What is real estate inventory?

When the inventory is low, properties are likely to sell faster but at a higher price.

Property buyers, investors and those tracking the real estate market often come across the term ‘inventory’. According to the general definition, inventory refers to the raw materials that a company uses or the finished goods available for sale at the end of a certain period. In the real estate sector, housing stocks, such as unsold flats are referred to as inventory. It serves as an important metric for real estate investors, buyers, and sellers to gather insights into the property market.

 

Real estate inventory meaning

Real estate inventory refers to the number of unsold properties in the market or a specific area at a given time. It can include various types of properties, such as apartments, commercial space, and plots, which are available for sale. For property buyers and investors, an understanding of the current market and inventory level can be beneficial in making the right investment decisions. It helps them assess the saleability of a project and the developer’s performance and gives a clear picture of the demand and supply in a location.

The inventory level is the main indicator of the market supply, influencing property prices and avenues for buyers. The increase in inventory can reflect how a particular housing market has performed in a current period – the higher the inventory, the lower the sales. Low inventory levels reveal that it is a seller’s market, resulting in increased property prices as the demand is greater than supply.

See also: What is amortization in real estate?

 

What is the significance of real estate inventory?

Real estate inventory has a crucial role in the property market as it can influence property prices and determine the time by which properties will be sold.

 

Impact of low inventory

When the inventory is low, properties are likely to sell faster but at a higher price. A declining inventory level is an indication of buyers’ activity across existing and new properties while reflecting economic growth.

From a developer’s perspective, lower inventory may indicate a good demand for properties from buyers, significant cash flows and financial strength. It puts the company in a favourable position to launch new projects.

 

Impact of high inventory

With an increase in inventory level, properties may take longer to sell, reflecting a slowdown in demand while new launches continue to come up in the market. It can also mean sales at less than the asking price. The slowdown could be due to price appreciation in the market, reduced affordability of properties for end-users or higher interest rates. For a developer, high inventory levels can reflect construction-related problems that may have impact the project, locked cash flows and other financial problems.

 

How are inventory levels assessed?

Inventory levels are studied in three ways: absolute number (1 Lakh units), months of inventory (40 months) and rate of absorption (5%).

Months of Inventory

Months of inventory refers to the amount of time or number of months required to sell the entire existing inventory, given that no new supply enters the market. This method helps assess the type of market and estimate the correct time to buy or sell properties to maximise profit.

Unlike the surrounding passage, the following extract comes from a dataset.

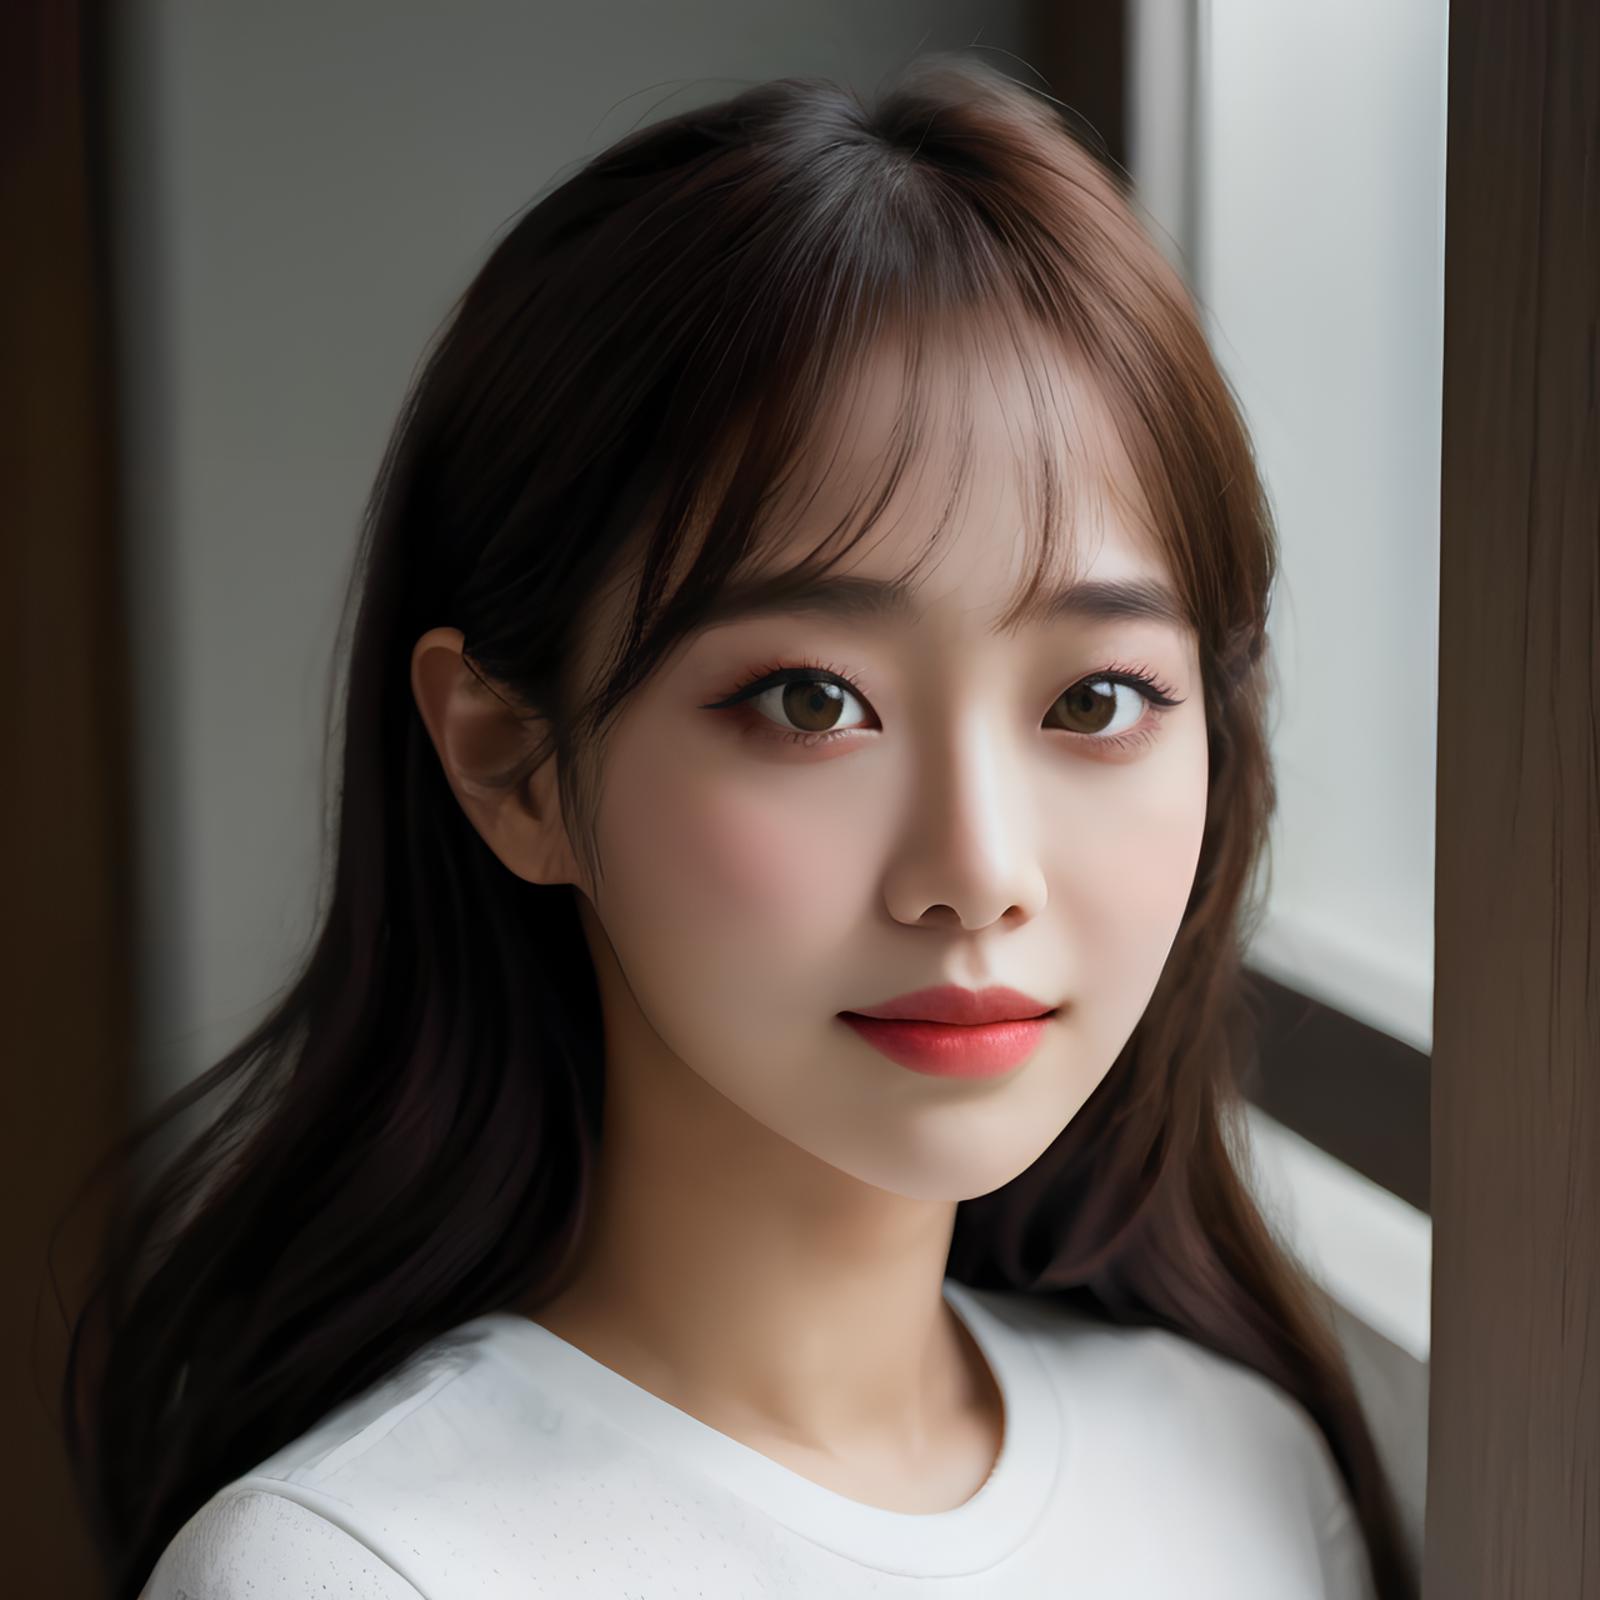 Not Loona - Chuu image by Tissue_AI

It is calculated through the formula:

Months of Inventory = Total units in a project or location in month X / Total units sold in month X

For example, there are a total of 50,000 units in the market (A) and the average sales in a month is 1,000 units (B). The months of inventory will be 50 months (A/B).

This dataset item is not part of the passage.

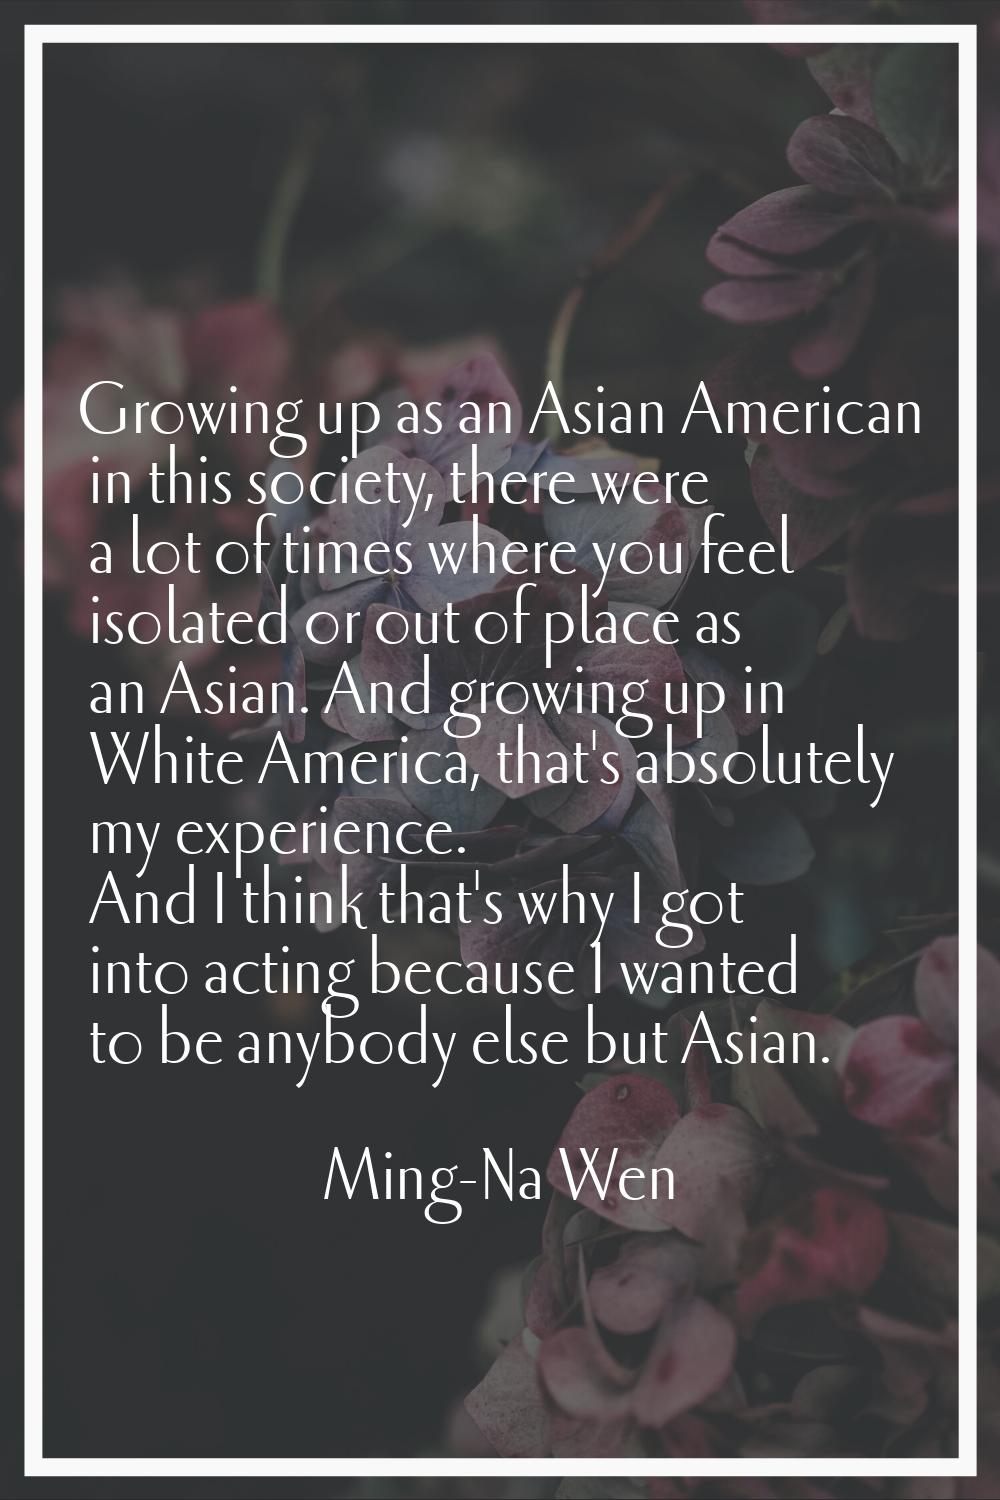 Growing up as an Asian American in this society, there were a lot of times where you feel isolated

A higher number shows a slowdown in the market, whereas a lower number indicates faster sales.

Absorption Rate

Absorption rate means the rate at which units are sold or absorbed in a specific project or location. It is calculated by the formula:

Absorption rate = Monthly sales / total inventory

In the above example, the absorption rate will be 2%.

 

FAQs

What is the inventory level in real estate?

Inventory refers to the number of unsold properties in the market or a specific area at a given time.

How do you calculate real estate inventory level?

The months of inventory can be calculated by dividing the total inventory i.e., the number of unsold units in a specific project or location by monthly sales.

What is a seller’s market?

In a seller’s market, sellers tend to be less flexible with pricing or the offer they will accept as demand is more than supply. The months of inventory is typically less than five months and the absorption rate is more than 8%.

What is a buyer’s market?

In a buyer’s market, the months of inventory is typically more than seven months and absorption rate is less than 5%. This indicates the demand is less than supply, with more properties available for sale. The sellers are more flexible with pricing or the offer they will accept.

What is a healthy market?

In a healthy market, the months of inventory is typically five to seven months and the absorption rate is between 5% and 8%.